WASHINGTON — The Supreme Court heard arguments in a case today brought to them by the Mayo Clinic in which a branch of the Rochester-based hospital challenged the patent on a screening technique from a San Diego medical research company.
Prometheus Laboratories holds two patents on blood tests for determining the optimal dosage of certain types of drugs used to treat autoimmune disorders. In 2004, Mayo announced it had developed its own version of the tests and was planning on using and marketing them. Prometheus sued for patent infringement.
Lawyers for Mayo say its test is more accurate and would help doctors better serve their patients, but they’re unable to use the tests because of the Prometheus patents. Mayo challenged the patents in court, contending Prometheus was attempting to patent a natural occurrence it had simply observed instead of creating something new.
A federal judge originally ruled in favor of Mayo, but that judgment was overturned on appeal. The question before the Supreme Court was whether medical tests based on natural occurrences are patentable under federal law.
At the heart of the case was whether Prometheus’s diagnostic process was novel enough to warrant patent protection. It’s accepted that federal law doesn’t allow patents on natural occurrences alone, so Justice Stephen Breyer pressed the lawyers on what has to be added to such an observation to make it patentable. Breyer said too low a standard would allow someone to patent something as natural as a scientific discovery like, for example, Einstein’s e=mc2.
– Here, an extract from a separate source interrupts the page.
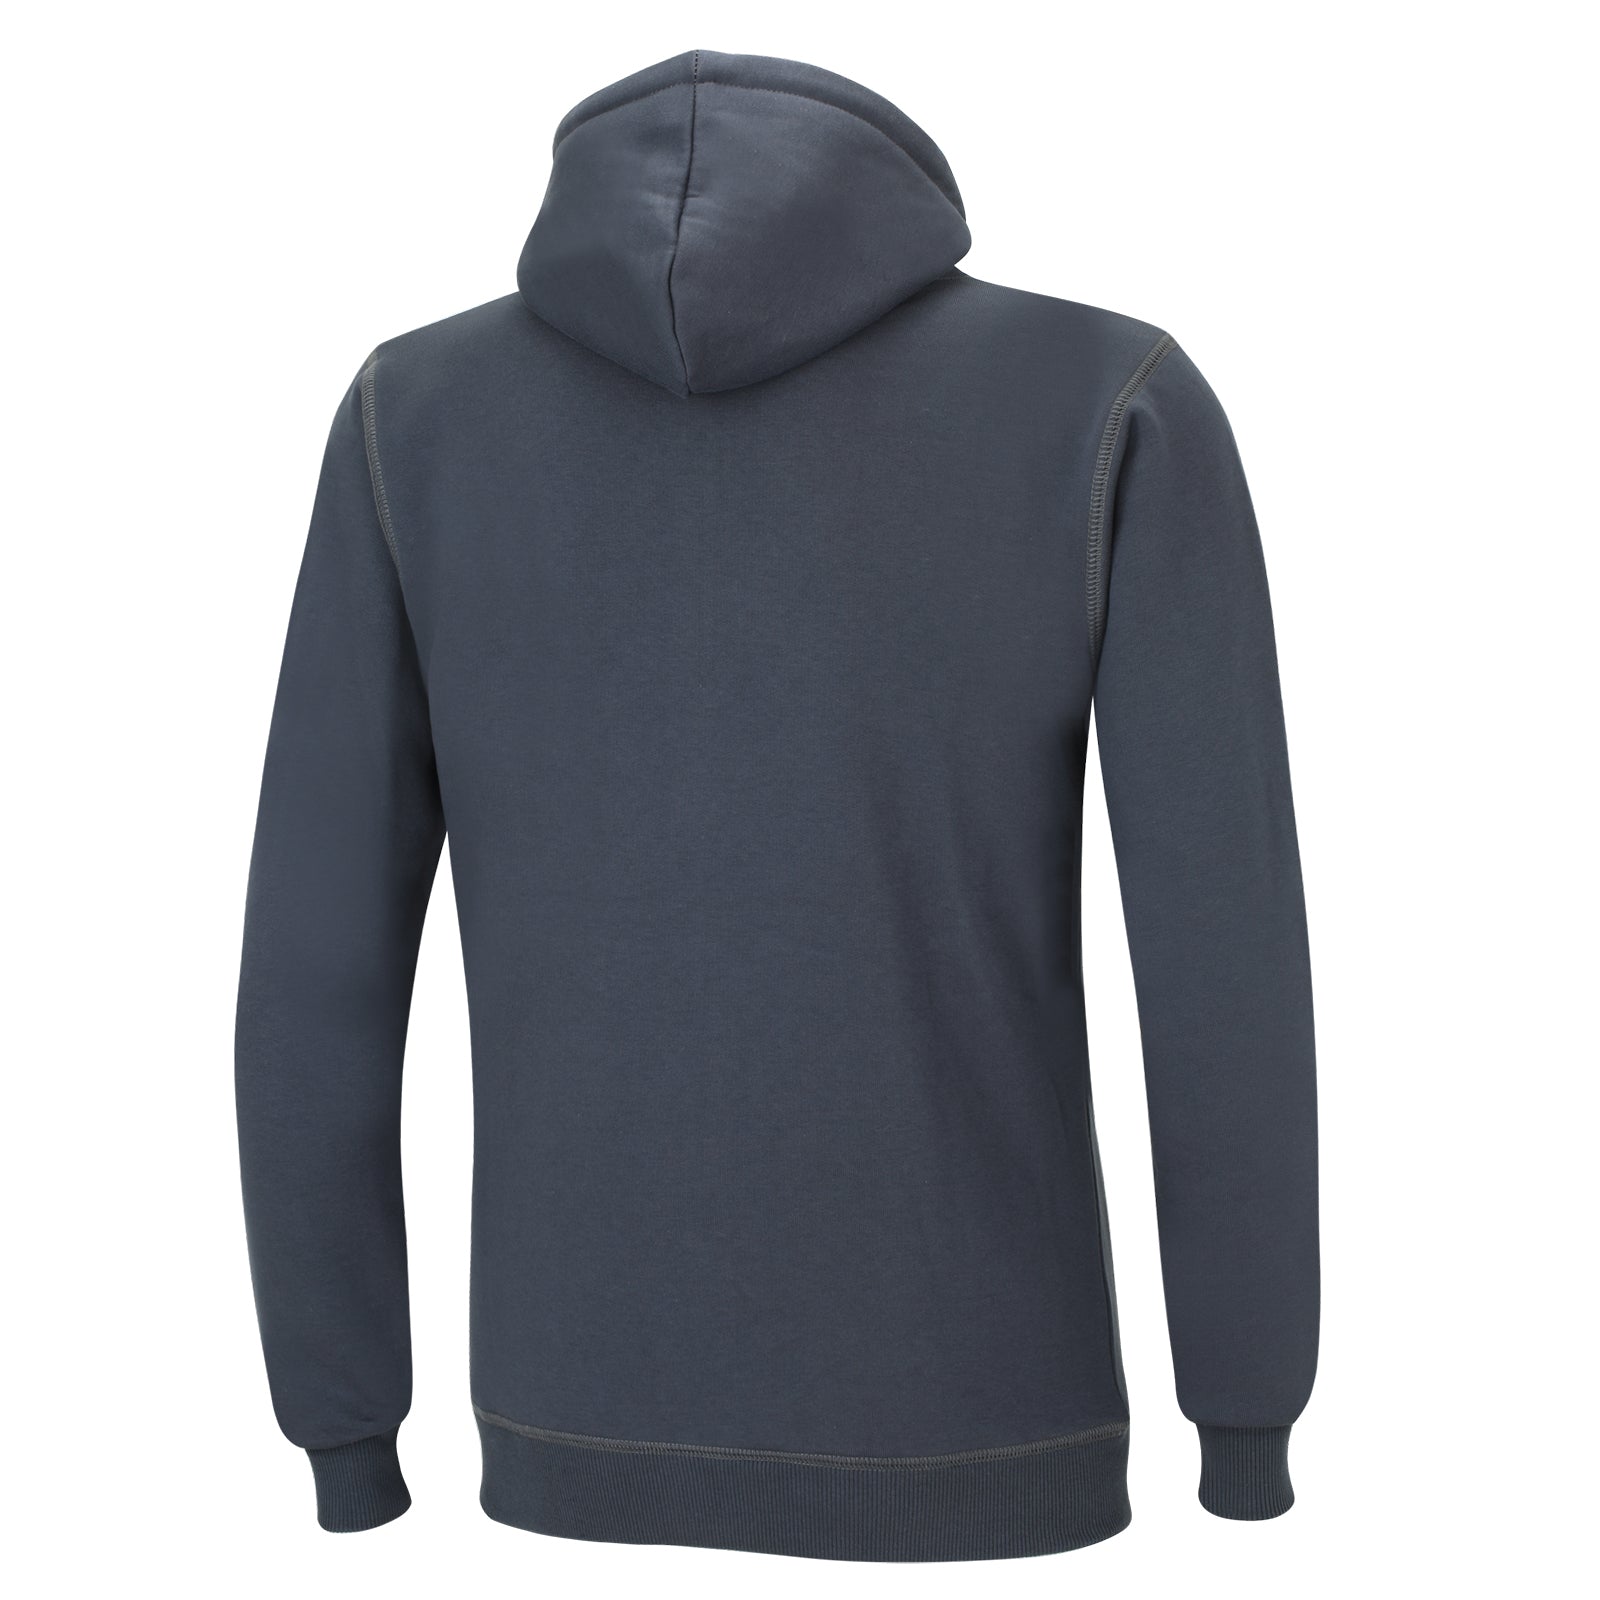 Sweatshirt-winter-thermo-pro-hoodie-sweater-herren-damen-s-m-l-xl-xxl-grau-schwarz-back

Mayo’s lawyer, Stephen Shapiro, said Prometheus hadn’t created something worthy of the patent. Rather, the patent was on a natural process alone and it prevented others from improving the practical aspects of it and marketing what they’d discovered. Justice Antonin Scalia suggested a low patenting standard would prevent others from discovering more accurate testing benchmarks than those devised by Prometheus, and Shapiro agreed.
But Prometheus’s lawyer, Richard Bress, said the patent wasn’t simply on the observed aspect of the blood tests. The company’s research had established chemical levels at which doctors should administer more drugs for their patients. In other words, they’d observed a natural process and created an original medical guideline on top of that observation.
Bress likened Prometheus’s patent to those issued on a procedure for using electricity to find metals in the ground. By Mayo’s standard, he said, the one would need to thoroughly instruct miners on where and how to dig in order to win a patent.
More legal analysis on the case can be found here. An opinion isn’t expected until sometime next year.